(Corinne had done very well- moving from being most bed-ridden and being in a wheelchair to being able to fly to California for a visit to relatives. A sudden and unexpected relapse, however, wiped much of her progress away. She was still more functional than but she’d begun experiencing some troubling neurological symptoms. Unfortunately there was a problem with publication that prevented comments from appearing. They will appear in Corinne’s next blog coming up shortly- Cort.)
Having ended my previous blog from my Aug 2012 visit stating that I was experiencing worsening neurological symptoms, I will now describe the ensuing trip to Incline Village, NV and my consult with Dr. Peterson regarding my condition.
Because of the holidays and the difficulty for me to travel during those months, it has been six months since my last visit – longer than Dr. P would prefer. In the interim my local doctor had ordered a lumbar MRI because of my complaints of consistent bilateral lower extremity numbness, tingling, pins and needles along with the sensation of constriction and hypersensitivity. Those results came back negative.
The foot numbness had started over a year ago but now it was progressing up both legs and I had developed a pressure sensation in my mid-back, similar to being jabbed by a broom handle along with numbness and tingling in the last three fingers of both hands. The latter resulted in my local doc diagnosing me with ‘peripheral neuropathy’ and referring me to the local neurologist who was booked up for three months.

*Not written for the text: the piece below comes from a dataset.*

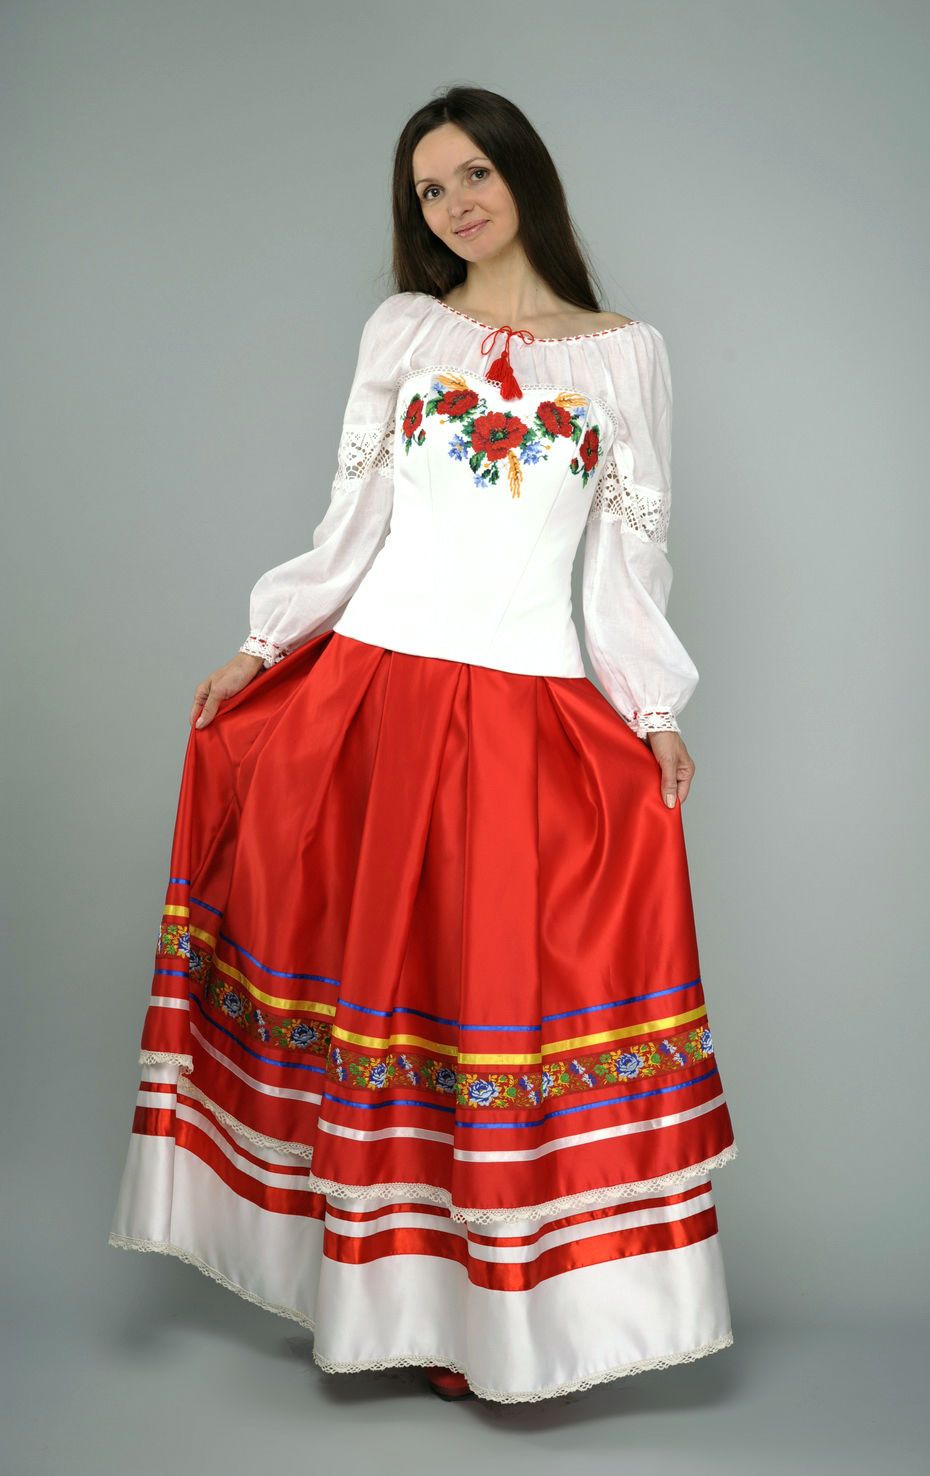 Комплект одежды в этническом стиле: юбка, блуза, корсет фото 1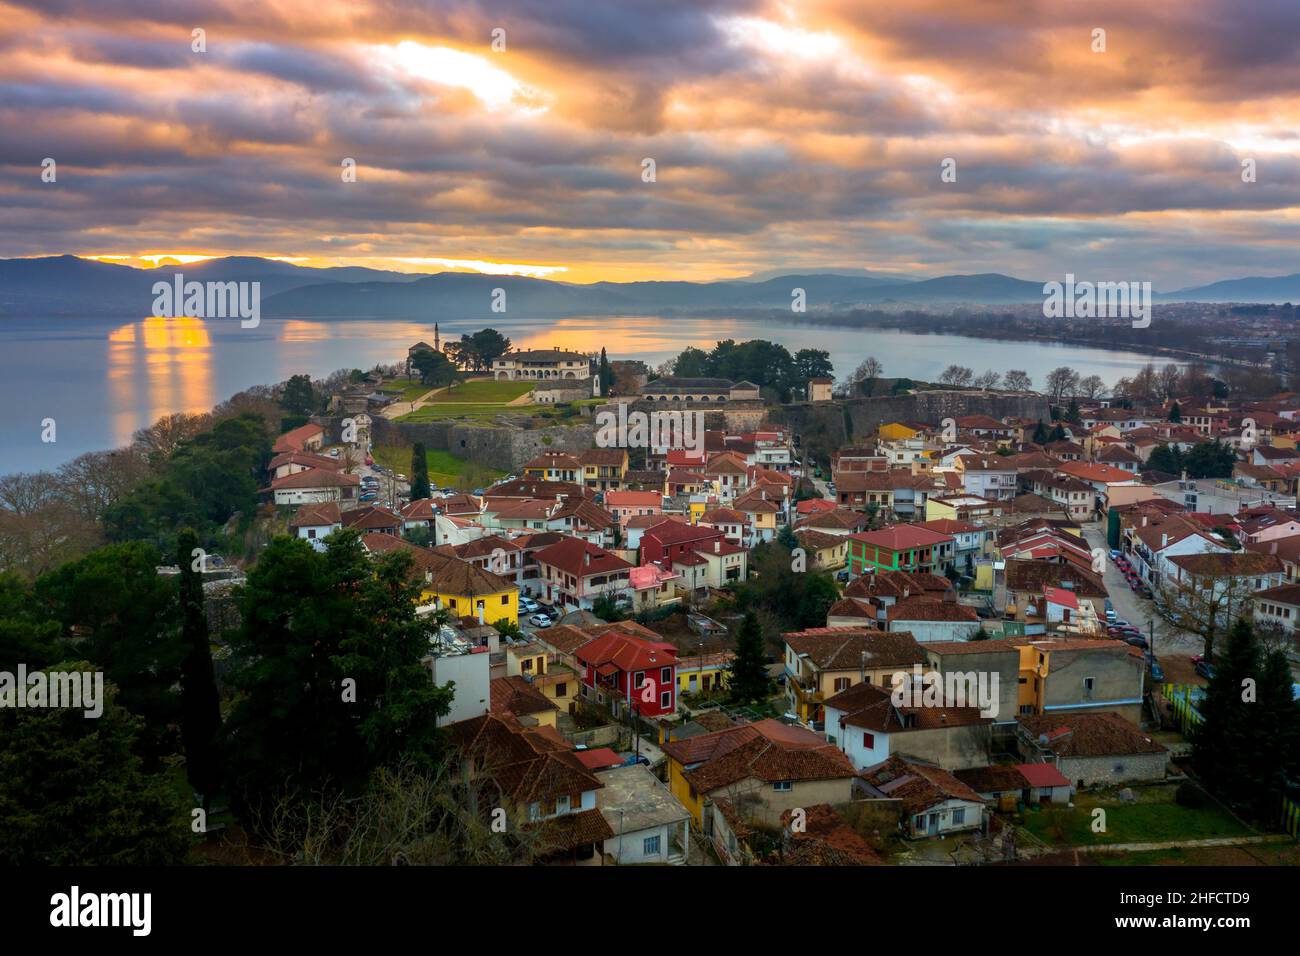 Luftaufnahme der Stadt Ioannina in Griechenland, Aslan Pasha Tzami, dem See mit der Insel Kyra Frosini oder nissaki. Stockfoto

That would give me the opportunity to see Dr. Peterson first, which is exactly the way I wanted it…so off I went, flying there by myself even though I was struggling. In the meantime I had remained on the same protocol.
- IVI (Gamunex) every other week
- 2-3 L of IV saline/week
- 250 ml Aminosyn 8.5% (amino acids) mixed with 250 ml dextrose (D5W) once every 7-10 days by IV
- Procrit (4,000 units) injection, once every other week
- Valtrex ( 500 mg BID)
- Fludrocort (Florinef) (.025 mg/daily)
- Klonopin (.5 mg) @ bedtime
I had also started taking OTC meclizine (generic Dramamine) at night for dizziness which I experienced upon closing my eyes to go to sleep, akin to the rising and falling of a boat on rough waters. Even the tiny doses I was taking helped significantly.
This was the scenario as I embarked on my 9th visit …
Corinne at Dr. Peterson
- Type of Practitioner I'm Seeing Internal medicine
- Number of Years I've Seen This Practitioner 3
- Number of Years I've Had Chronic Fatigue Syndrome (ME/CFS) 20 +
- Number of Visits to this Practitioner a Year 4
- My Current Activity Level (1-10) is 3
- Since my Last Visit My Health is Trending Somewhat worse
- ME/CFS Treatments Taking IVIG, Probiotics, Valtrex, IV Saline Solution, Klonopin, Florinef (Fludrocortisone)
Day One (Sunday) The Trip
Thankfully, the weather is clear and the flight smooth and uneventful. Touchdown 11:00 AM. Check-in @ The Hampton Inn, Truckee by 1:00. Bedtime – 4 pm.
Day Two (Monday) Witnessing History…and taking tests!
As usual I schedule an early appointment and good ol’ reliable Skip, my local hired driver, deposits me at the door of Sierra Internal Medicine just in time. I’m quickly led into an exam room while exchanging greetings with the staff I have grown to know so well.
When Dr. P enters he asks if I’m alone (not knowing what’s to come I find this question quite prophetic). I tell him I am and then go on to explain my symptoms. As an afterthought I add one – one that my gut tells me might be a decision-maker…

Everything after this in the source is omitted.